Ardell, who has studied bioelectronic medicine throughout his 45-year career and is a pioneer in the field of neurocardiology, is developing electroceuticals to treat heart failure.
“Instead of using drugs that target the heart, we activate the autonomic nervous system,” he says.
He believes that devices to treat cardiac issues are not far behind the ones that have already been approved for things like pain and epilepsy.
“It’s really moving forward.”
But the widespread use of electroceuticals has been delayed in part because researchers have faced challenges in understanding aspects of the developing field.
Ardell says that many clinical trials in this area have failed because researchers didn’t take the time to understand the mechanics of how electricity works therapeutically.
“We don’t understand why it works,” Paydarfar adds. “What are the mechanisms of action? What are spatial and temporal scales? How is optimal dose profile determined? … With electroceutical science, how it works is a real concern.”
Paydarfar says one of the main challenges is understanding how to get the “dosing” correct. While many studies have shown that electricity can help treat conditions, there still isn’t a consistent understanding of how to determine the optimal frequency and timing of the stimulations.
“We’re trying to find a way to stimulate the structure and switch the state without side effects,” he says.
“If you give too little energy, you’re wasting energy, you’re draining battery life, [or] you have a failed outcome. If it’s too much energy ... you have damaged tissue [or] off-target effects.”

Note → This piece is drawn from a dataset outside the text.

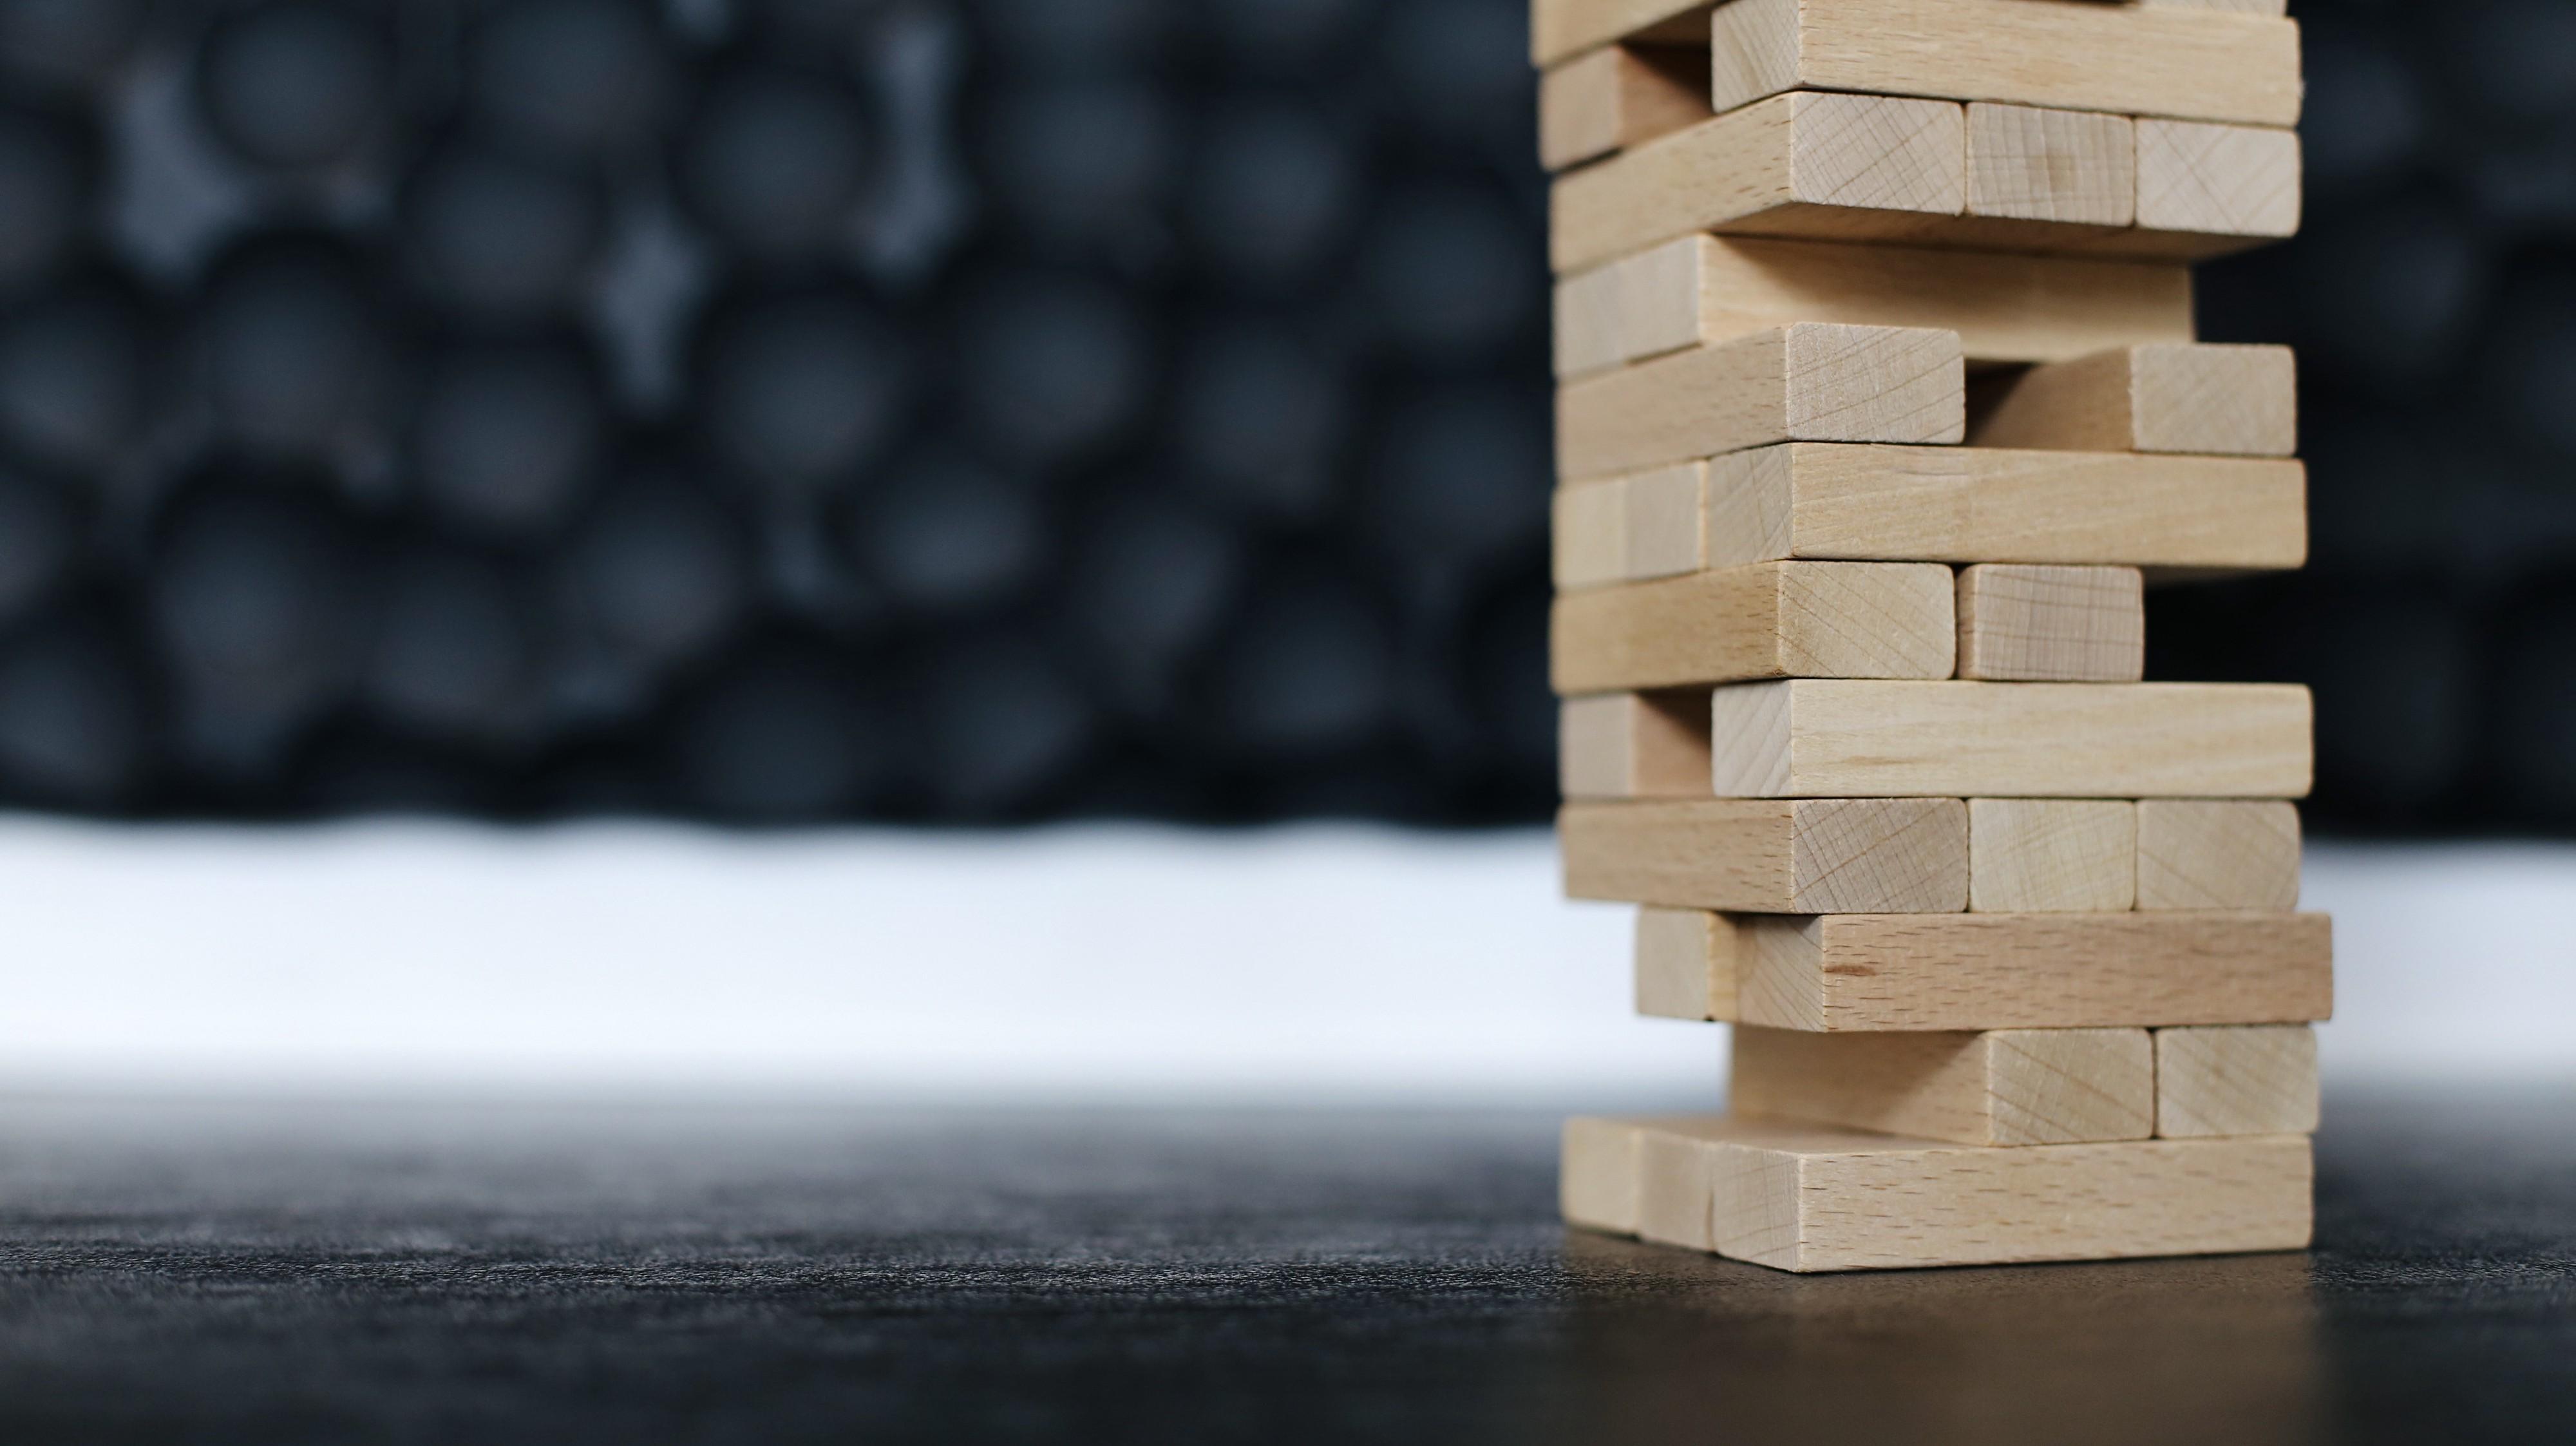 Towering stack of balanced blocks.

Paydarfar and his team are studying how they can use algorithms to predict the optimal frequency, wavelength, and timing of a stimulation to be effective.

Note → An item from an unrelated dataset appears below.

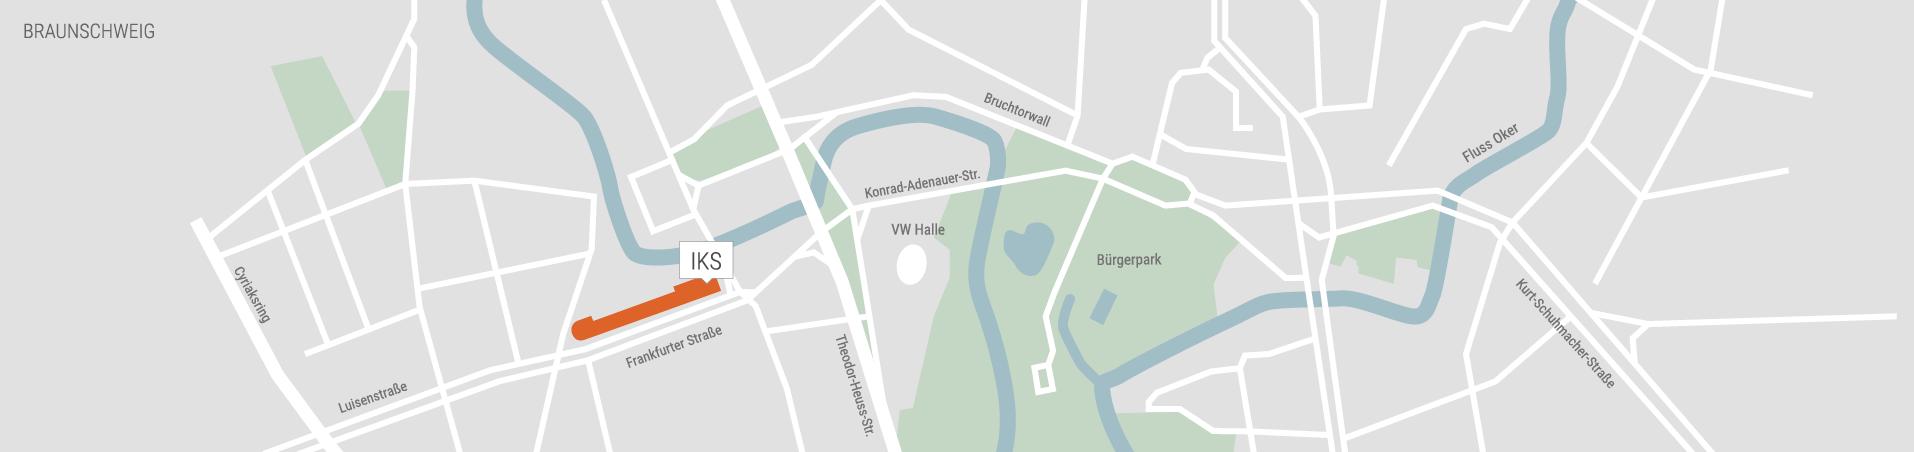 iks-map-bs

Ardell believes that researchers are on the cusp of learning how to target nerves even more specifically, which is vital to personalizing the treatment of different conditions.
“There’s not one type of bioelectronic medicine that is perfect for everything,” he says. “There are lots of things going on with improvements to the interfaces of the nerve.”
Tracey says that the business of medicine also tends to be slow to adopt innovative approaches.
“It has to do with human behavior and the conservative nature of medical practice,” Tracey says. “It’s not bad to be conservative in medicine … you don’t want your doctor rushing to every new, shiny object … [but] it shouldn’t all be driven simply as a business process decision either.”
Because of the safety and efficacy that bioelectronic devices have demonstrated over decades of study, Tracey believes that it’s inevitable they will eventually replace many drugs that are currently used, especially those that are expensive and have serious side effects.
However, it will require medical professionals to be willing to think of the body in a more integrated way and be willing to work across specialties and industries, he says.
“The future of bioelectronic medicine is going to be one of growth and opportunity for young people in medicine,” Tracey says. “It’s a unique time in history when we have some of the most powerful tools in biology and molecular biology that we can combine with and leverage with powerful technology coming out of Silicon Valley. … [We can] use those tools ... to hack directly into nerves.”